• The task:
Repeat the data in full. Drop every picture.

• Given material:
◆ ◆ ◆ ◆ ◆
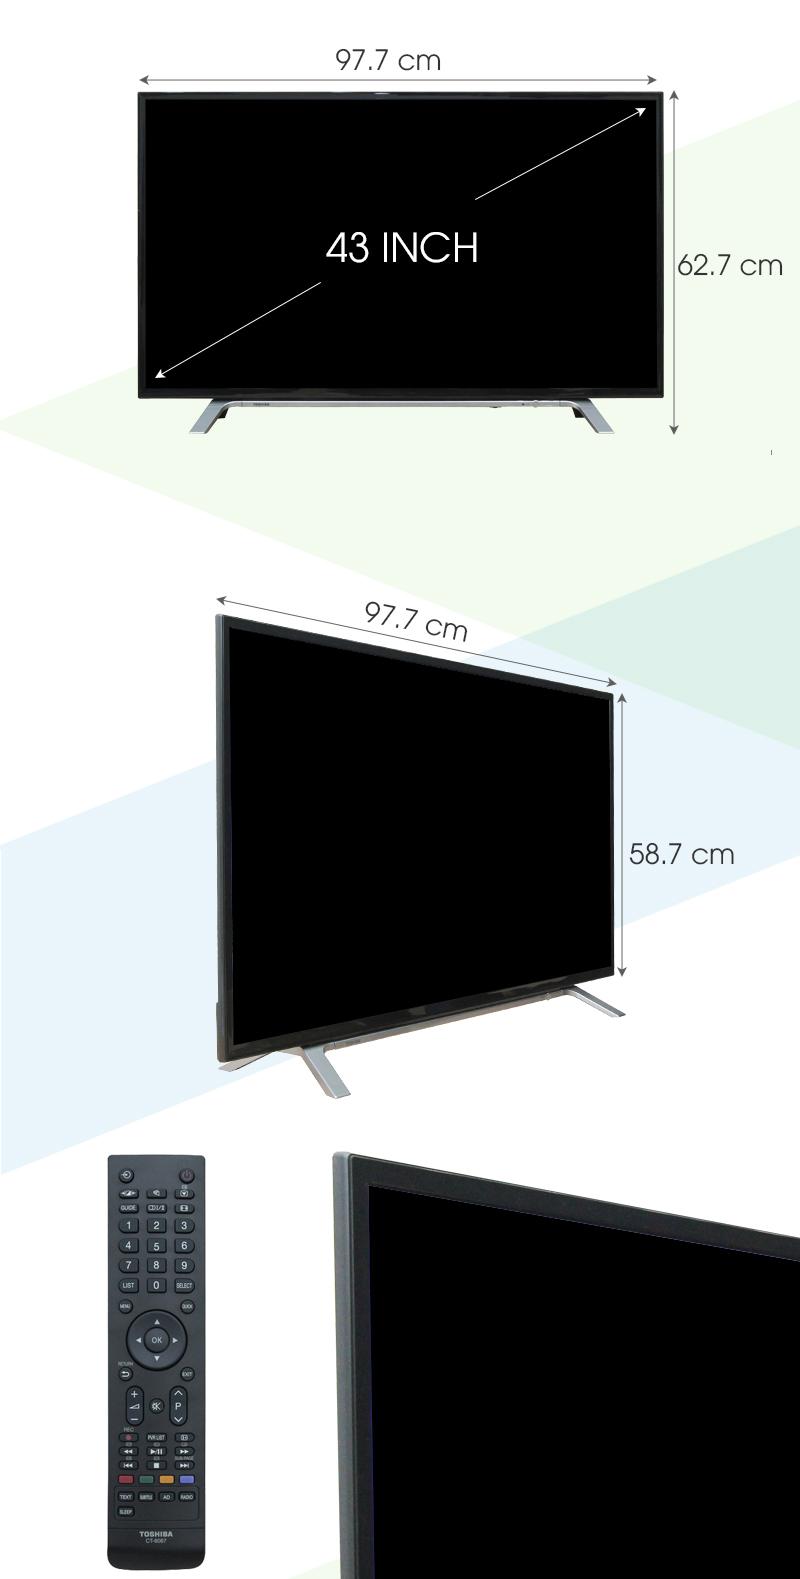 Tivi Toshiba 43 inch 43L3650 - Kích thước tivi
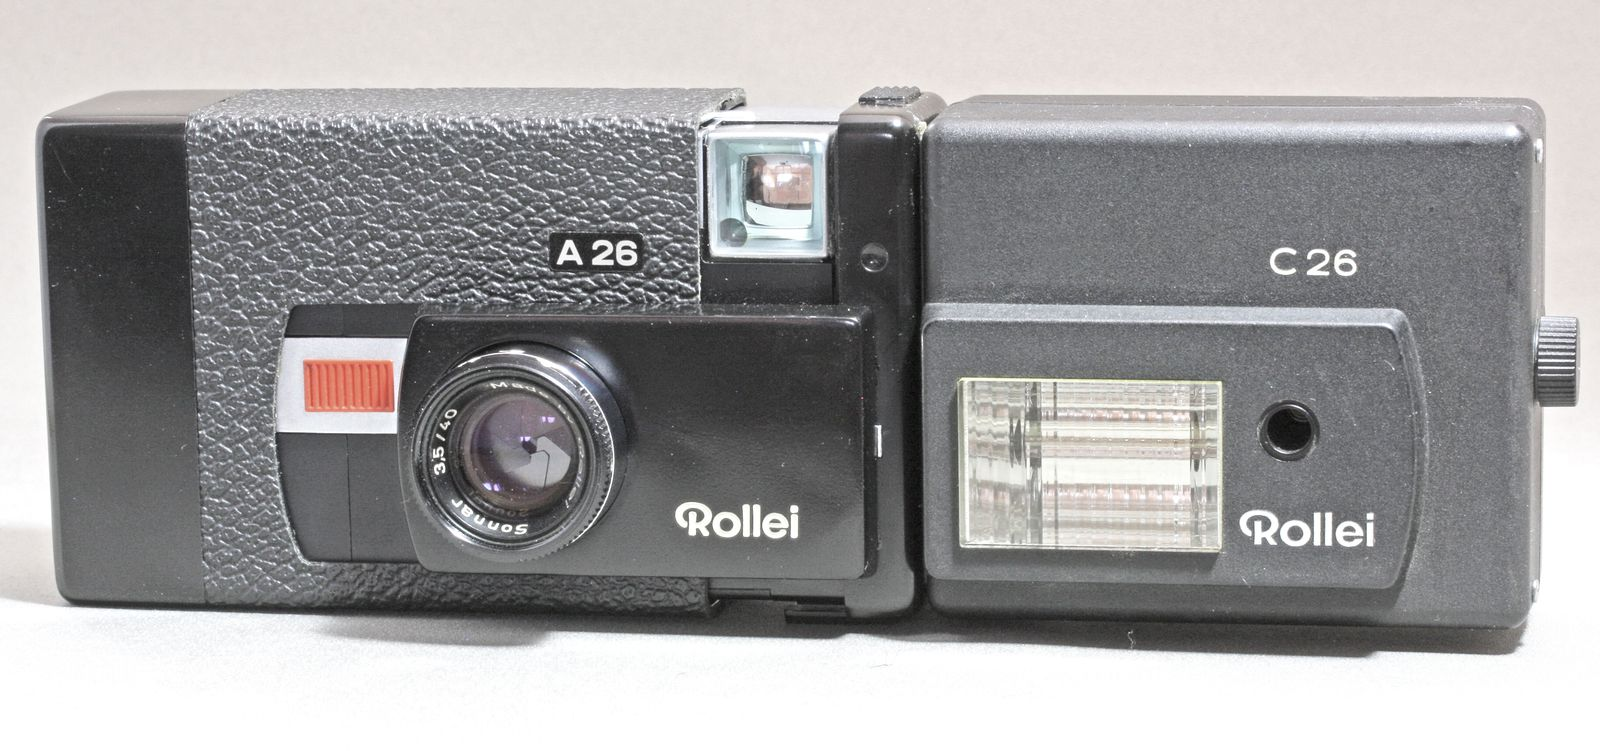 Rollei A26
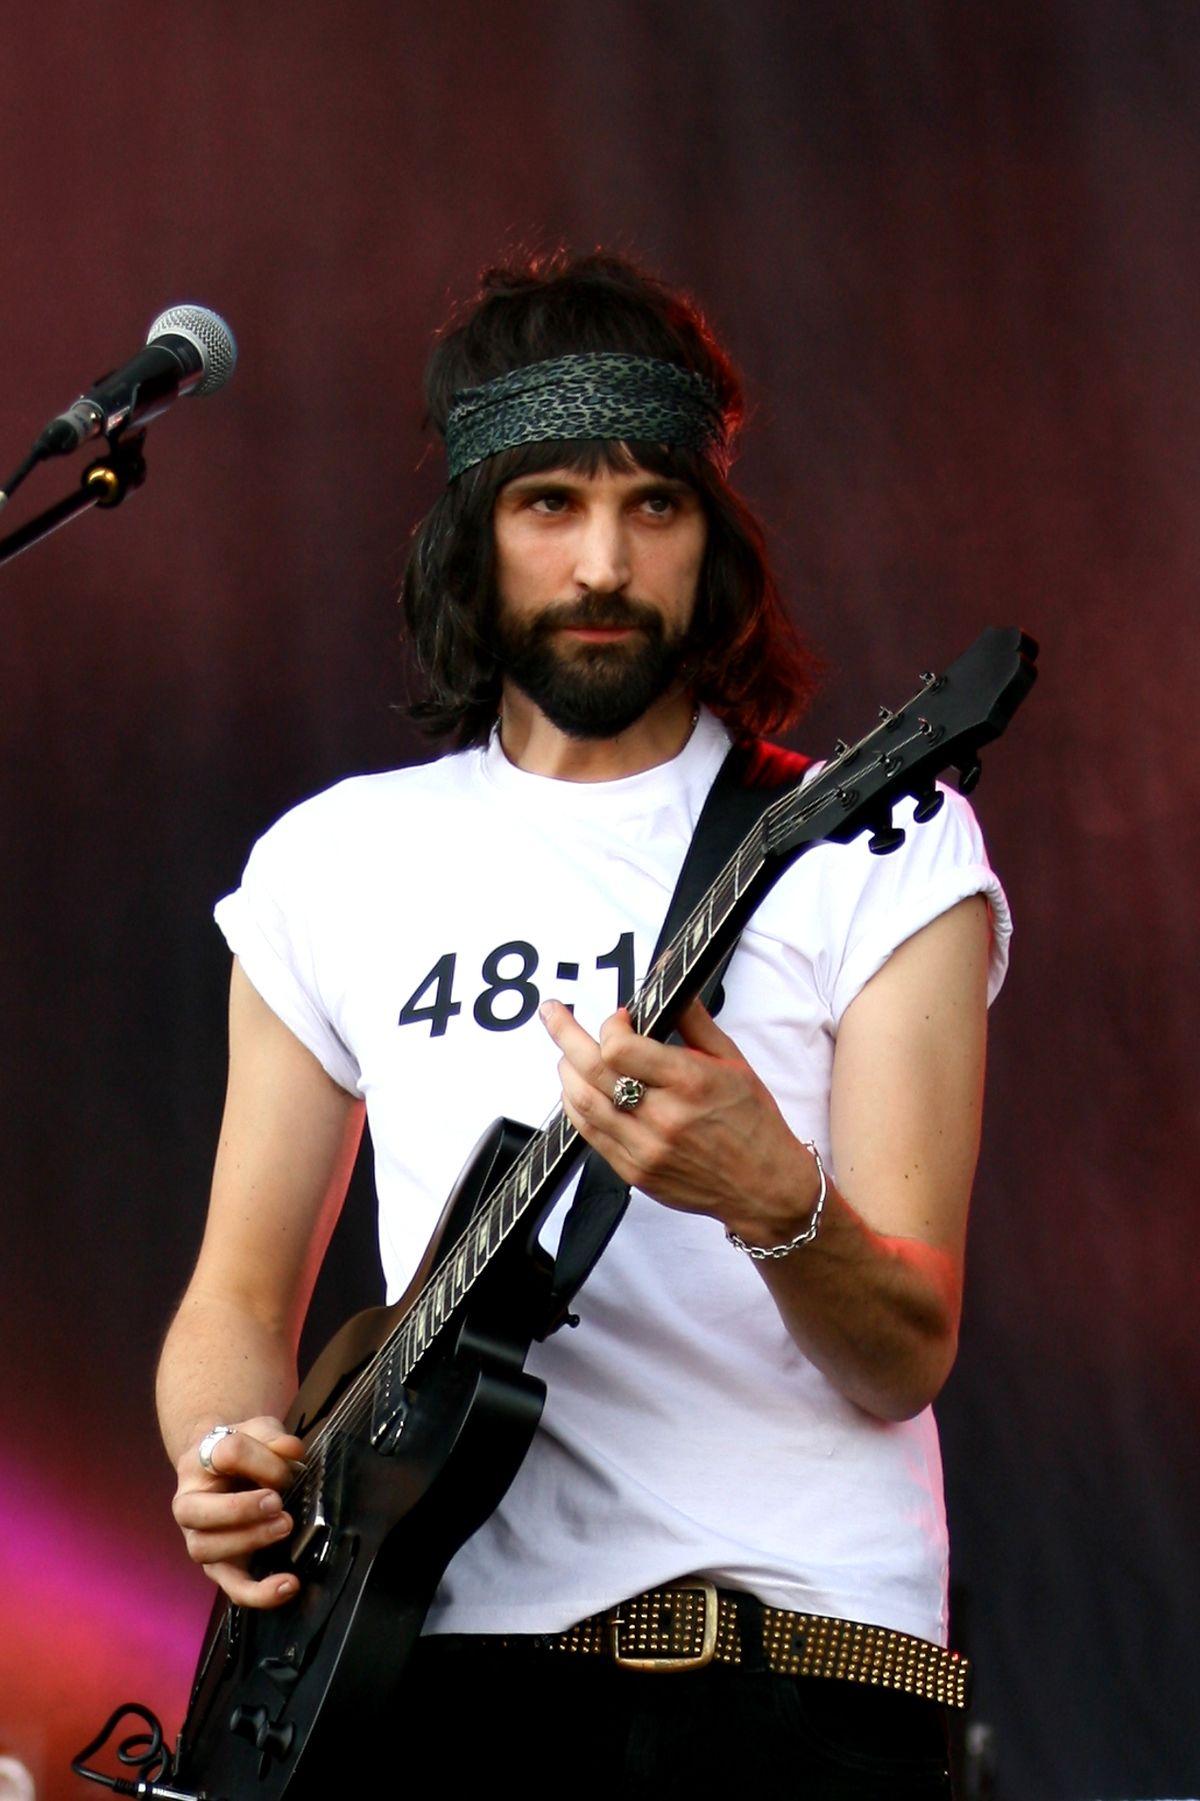 Sergio Pizzorno - guitar genius of the group Kasabian 91
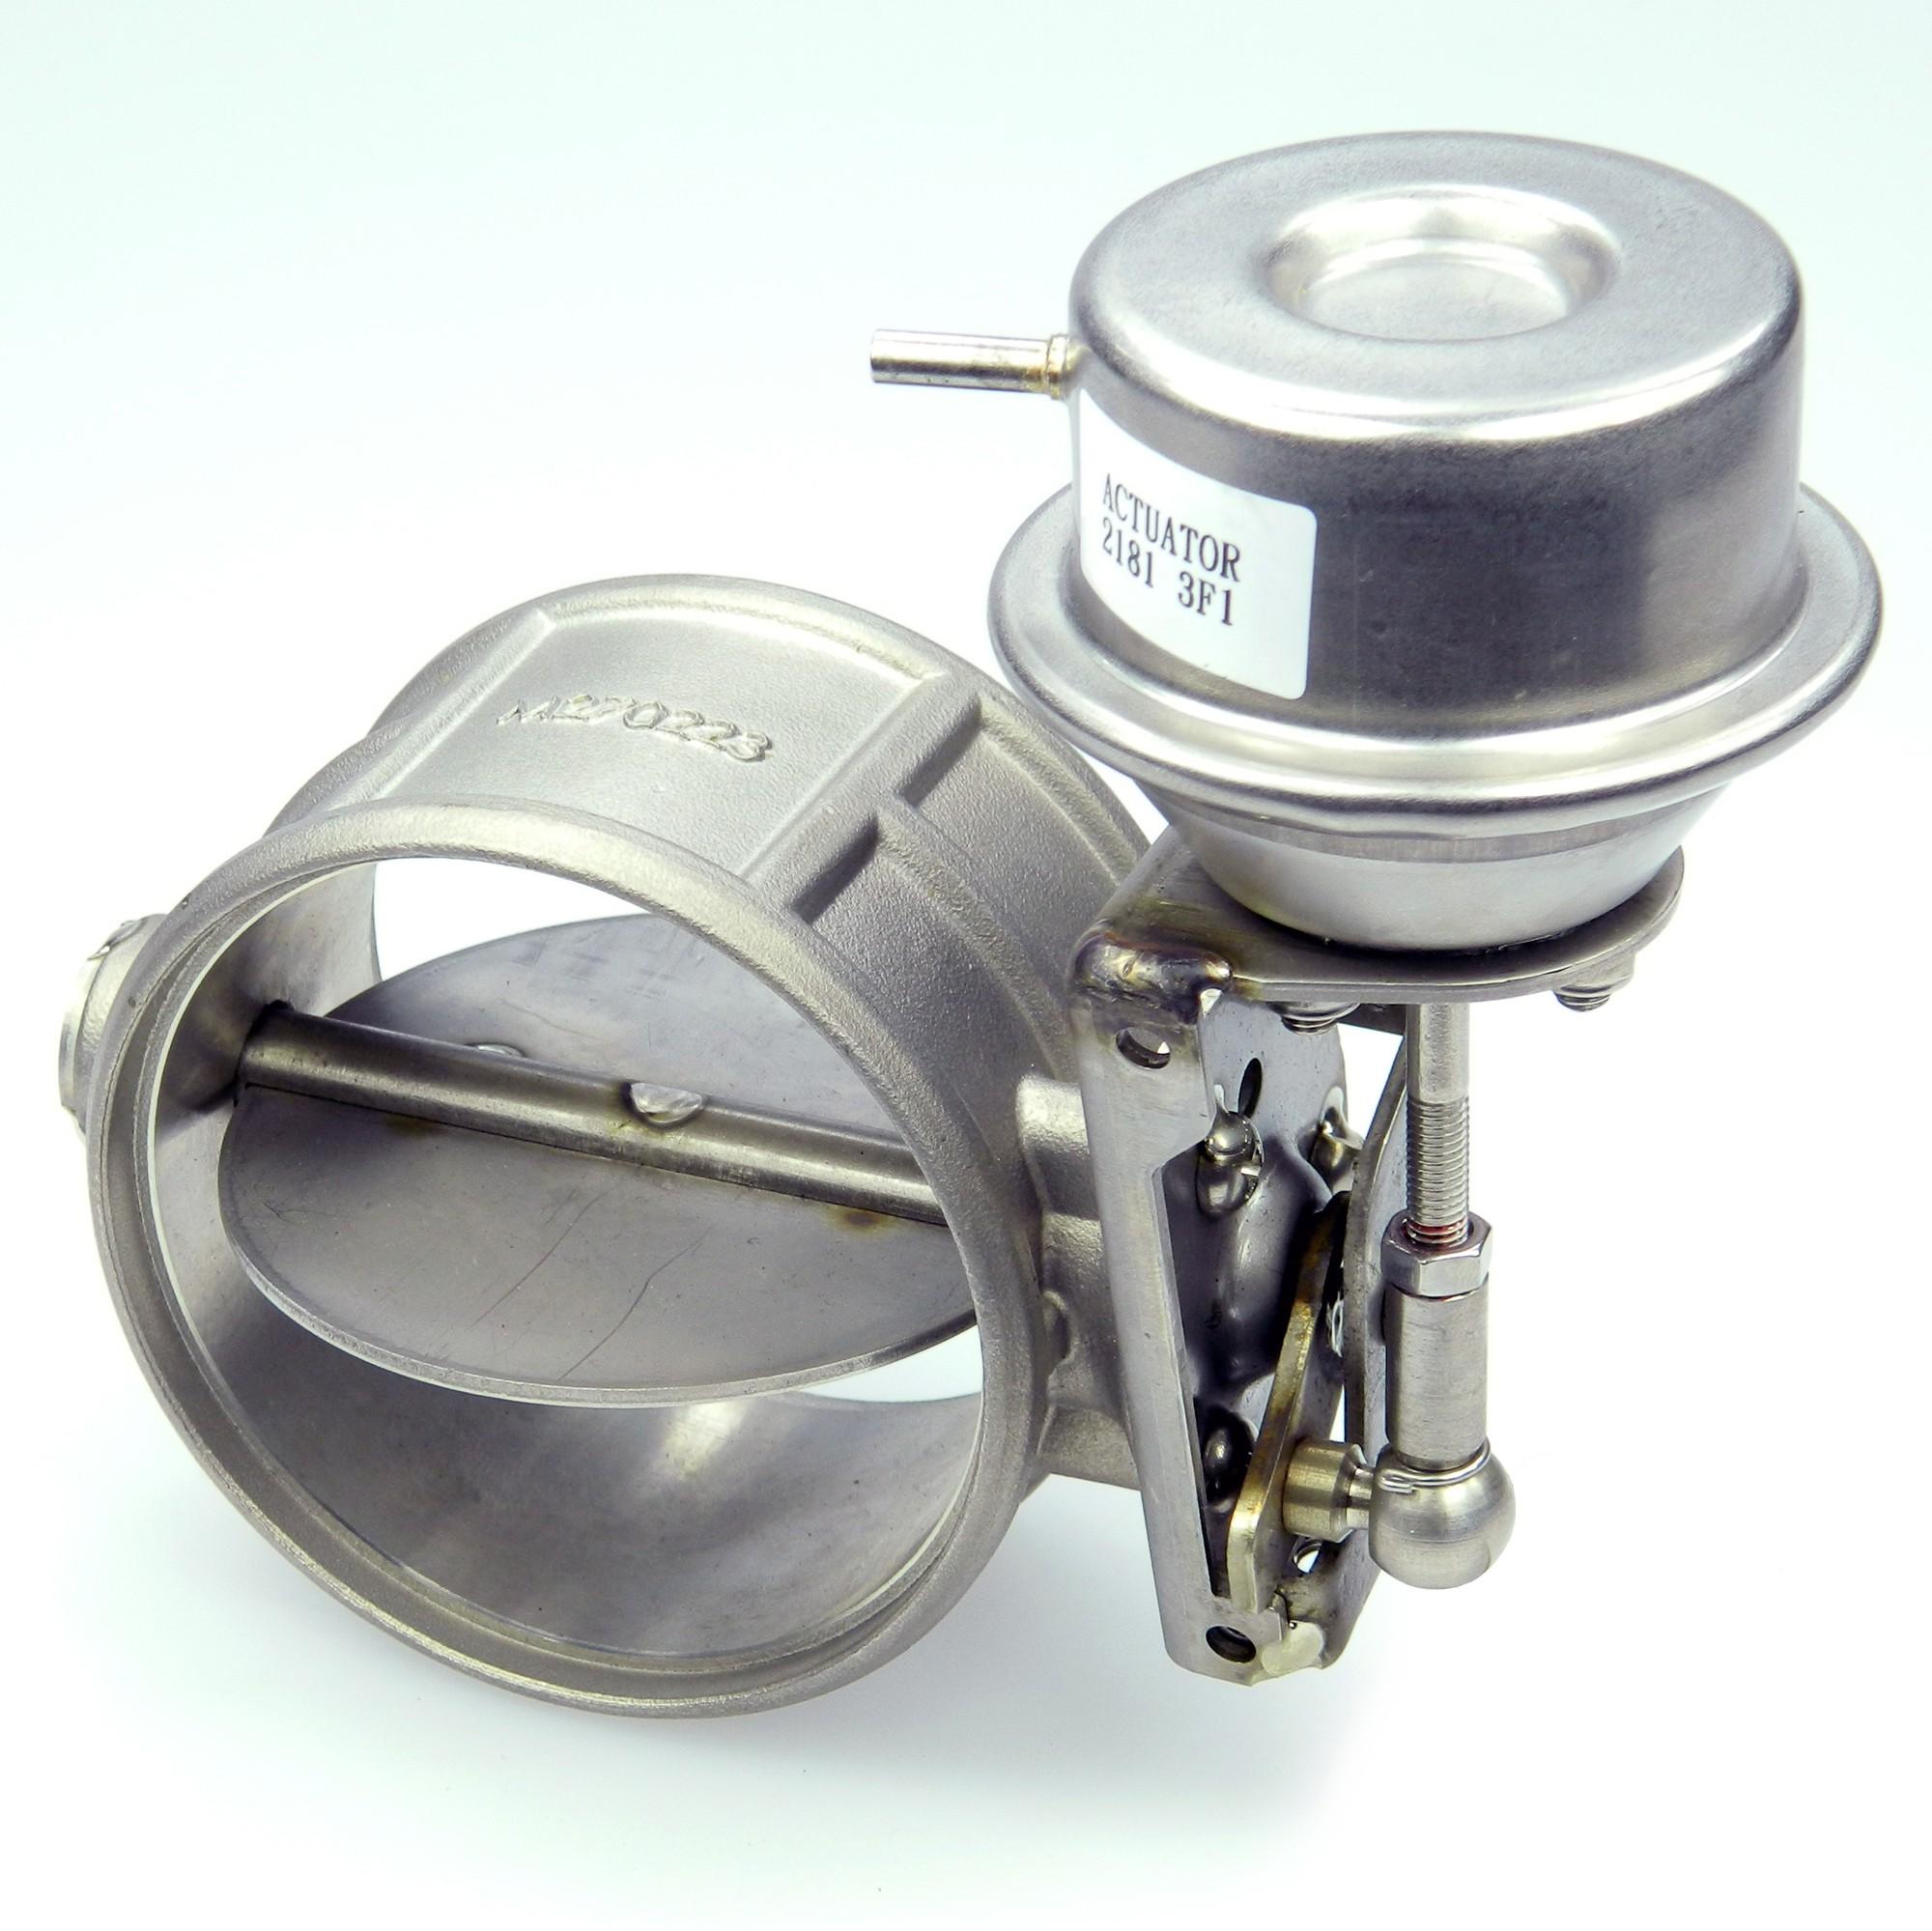 Komplettsystem Mit Druckbehälter Abgasklappe 70mm Unterdruck Gesteuert
◆ ◆ ◆ ◆ ◆
• Solution to this task:
 Tivi Toshiba 43 inch 43L3650 - Kích thước tivi
 Rollei A26
 Sergio Pizzorno - guitar genius of the group Kasabian 91
 Komplettsystem Mit Druckbehälter Abgasklappe 70mm Unterdruck Gesteuert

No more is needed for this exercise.